GIVEN DATA:
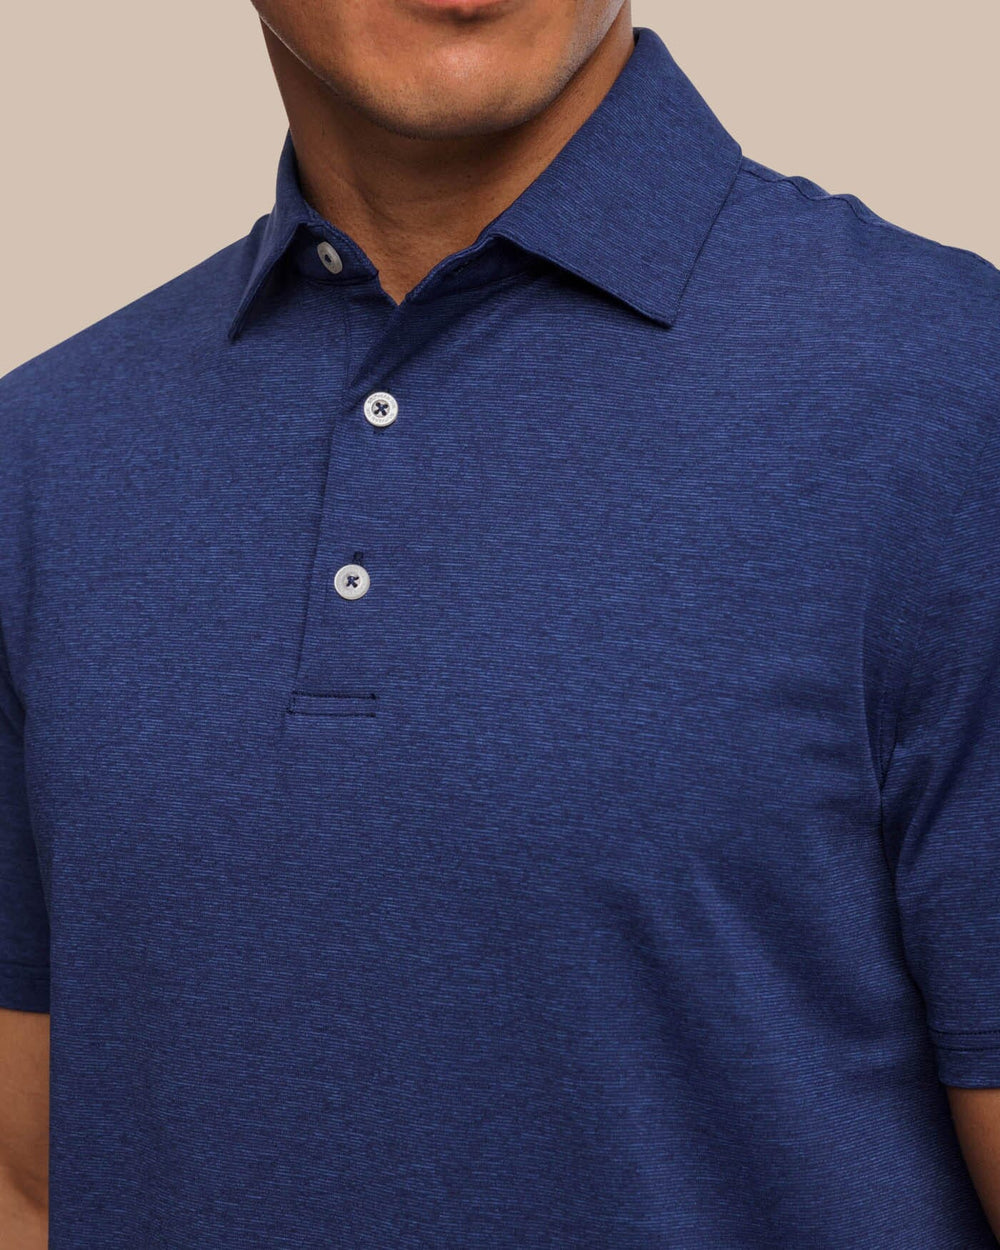 The detail view of the brrr°®-eeze Heather Performance Polo Shirt by Southern Tide - Heather Nautical Navy
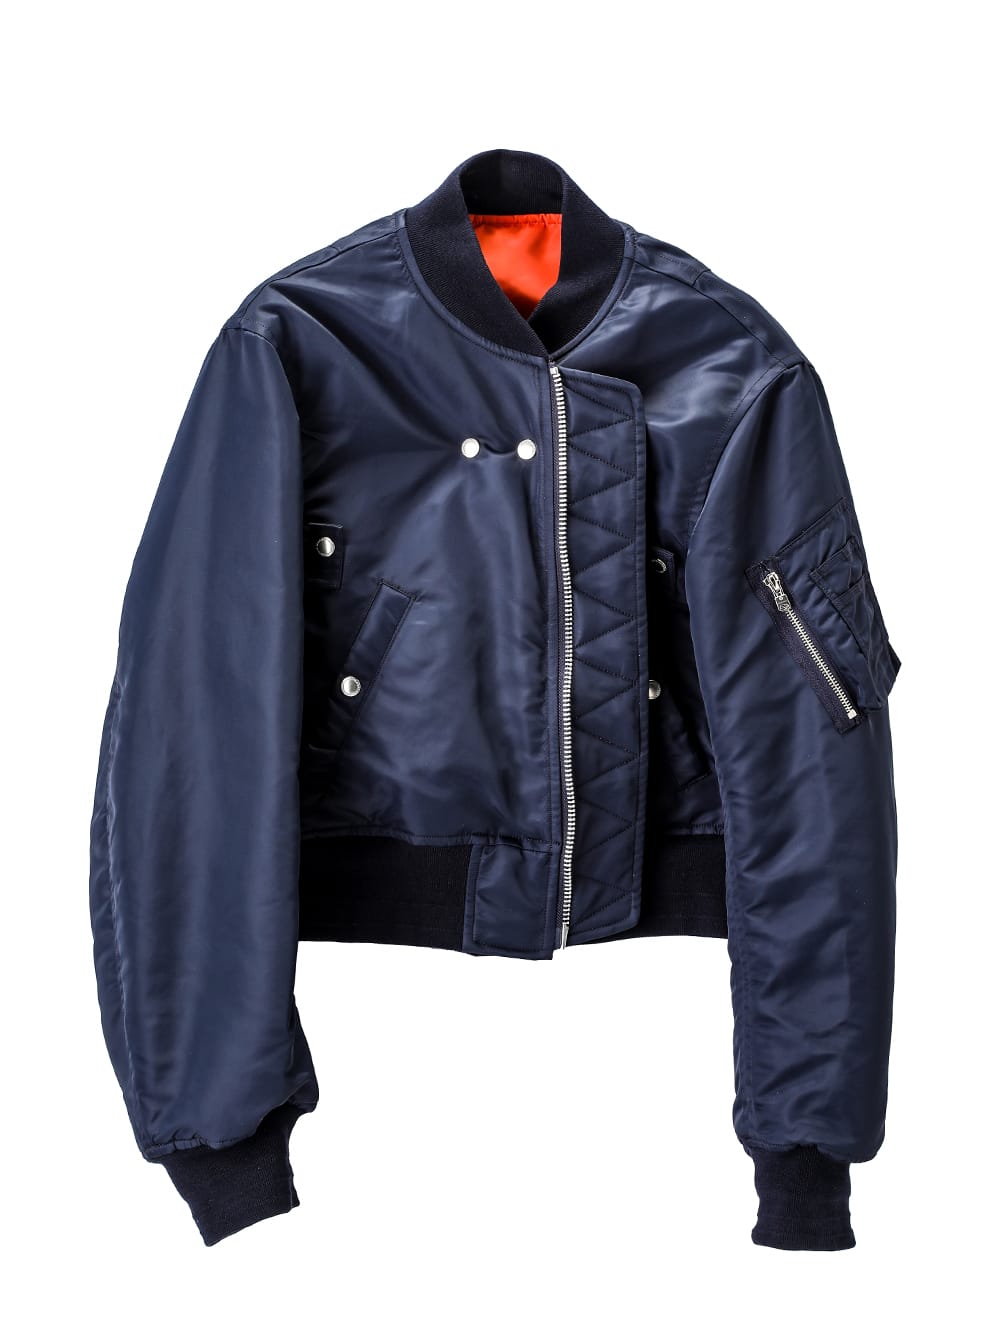 sj.0018bAW23-midnight two-way cropped bomber jacket. THE TWO OF US ...
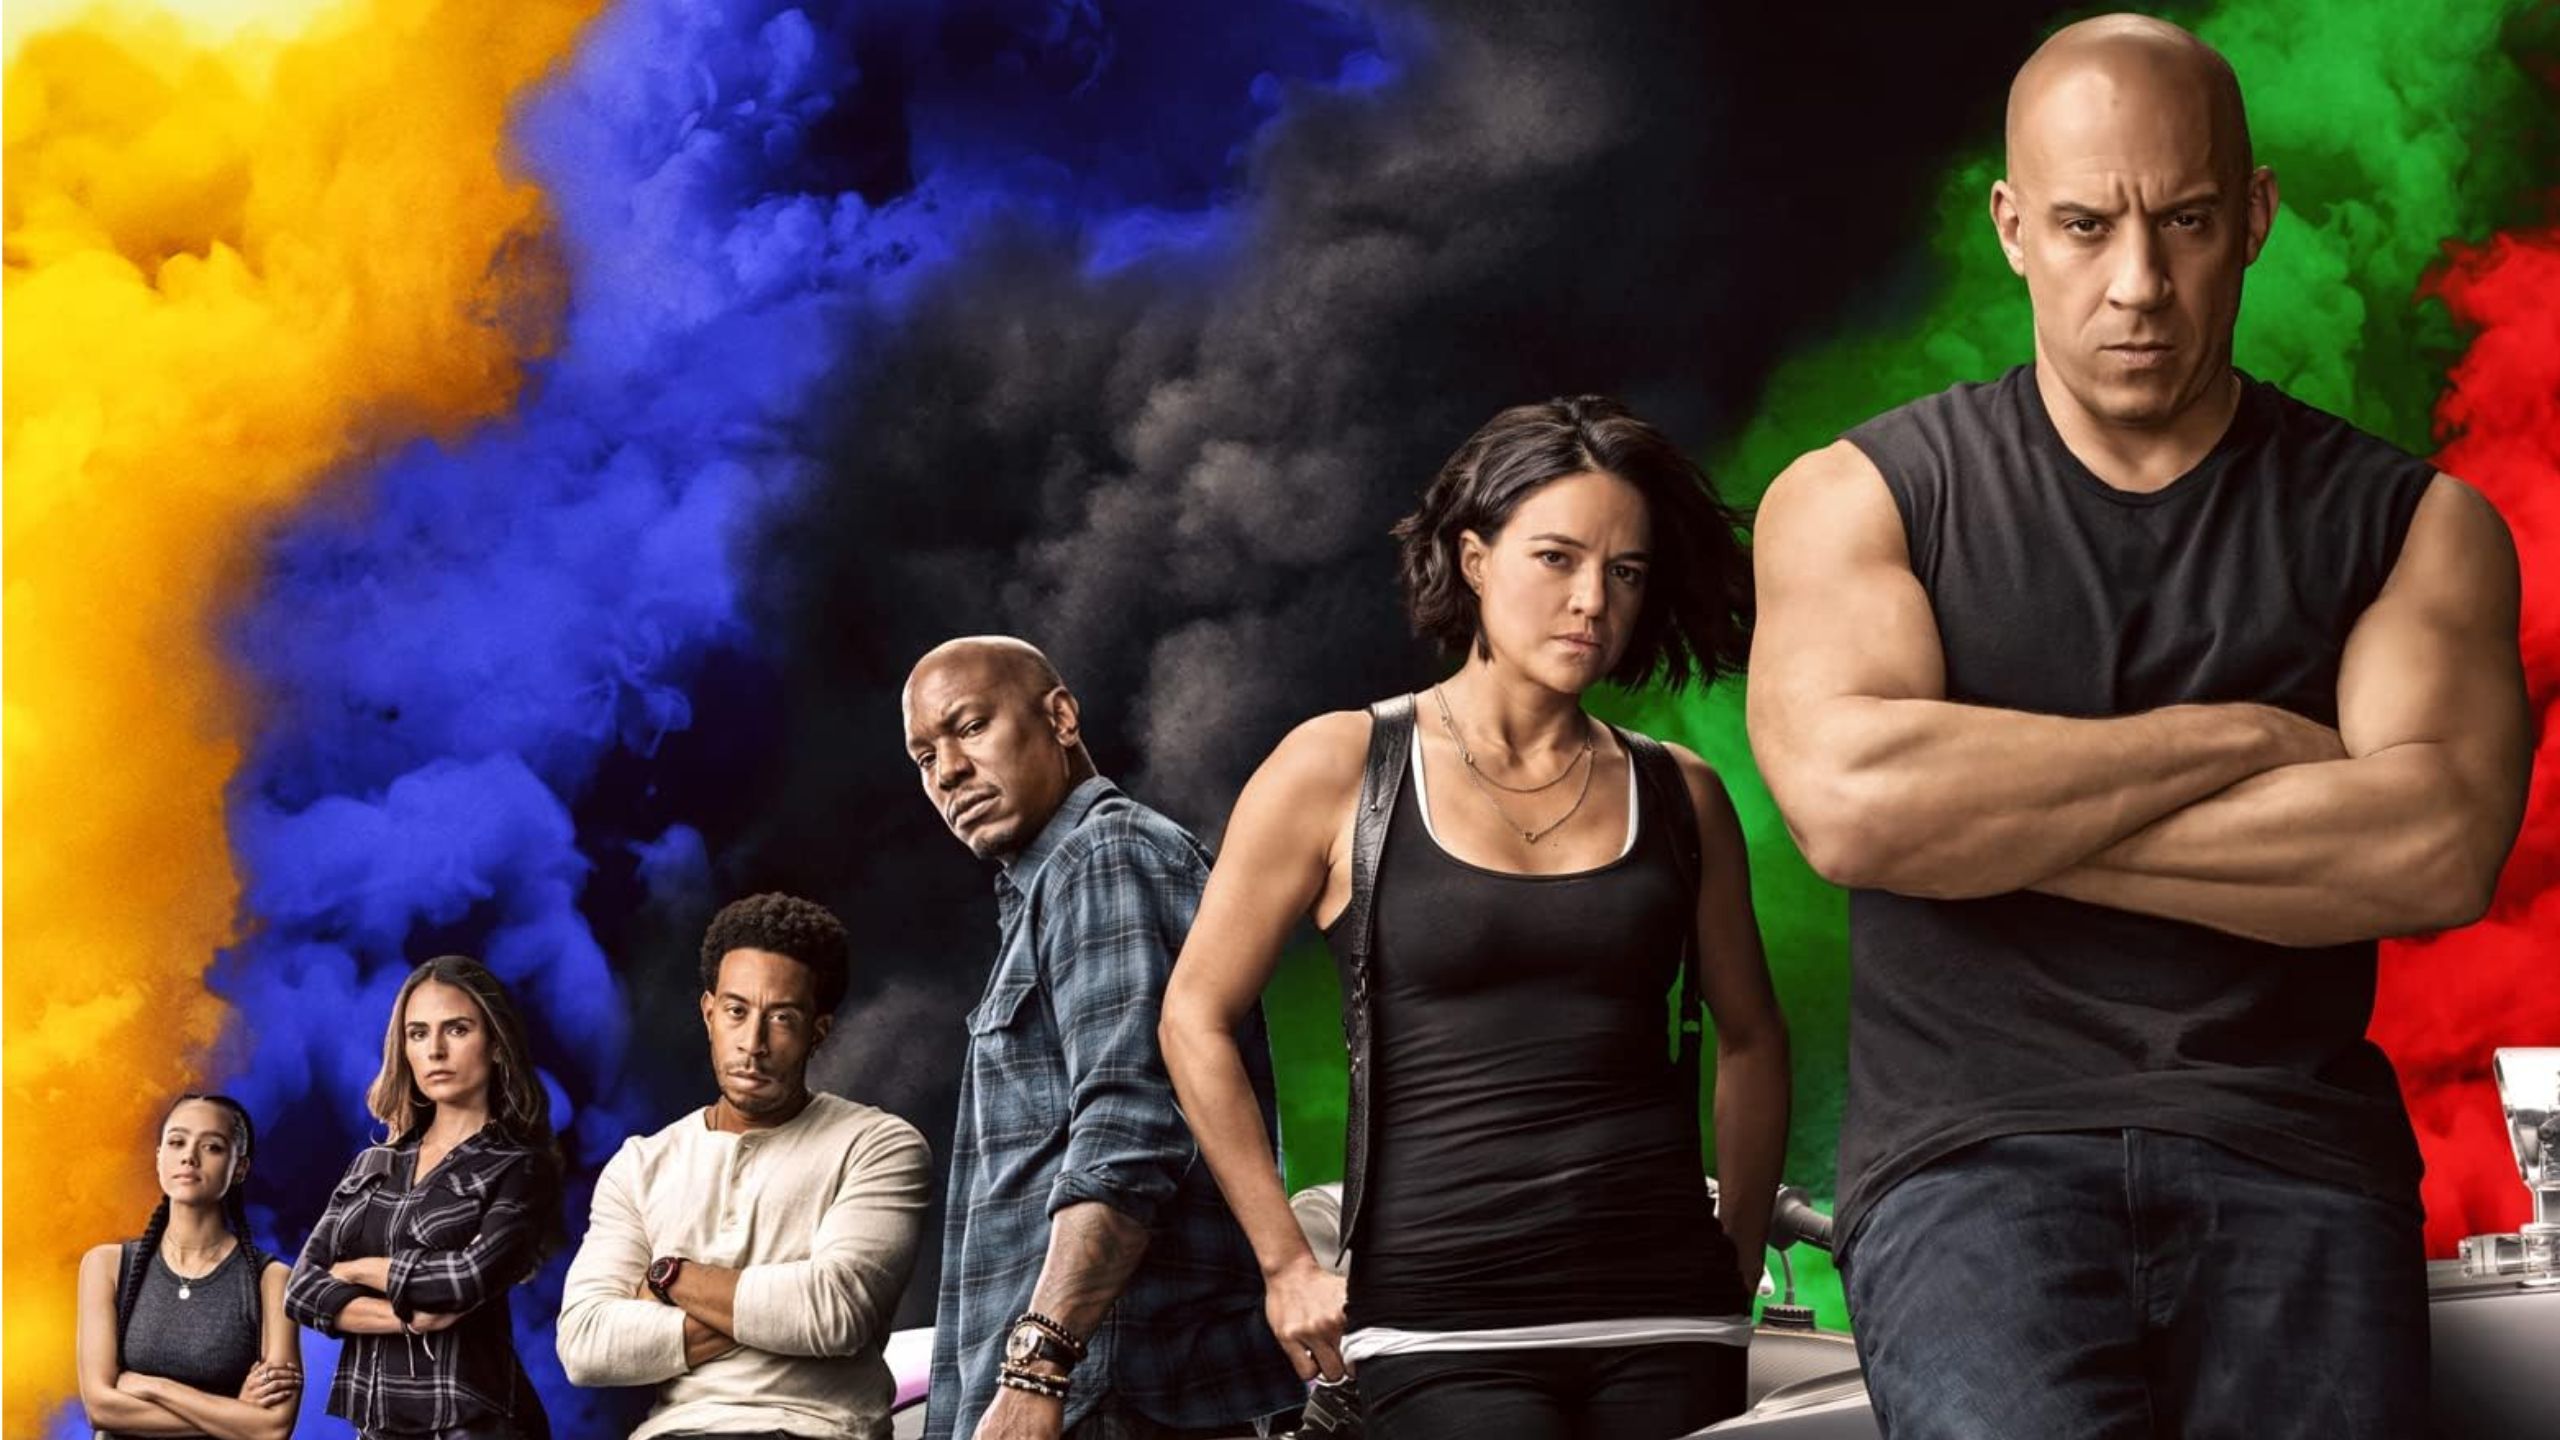 The fast and furious gang with colored smoke behind them.

ABOUT THIS TASK:
Could you copy the lines above exactly and skip the images?

RESPONSE TO THE EXERCISE:
 The detail view of the brrr°®-eeze Heather Performance Polo Shirt by Southern Tide - Heather Nautical Navy
 sj.0018bAW23-midnight two-way cropped bomber jacket. THE TWO OF US ...
 The fast and furious gang with colored smoke behind them.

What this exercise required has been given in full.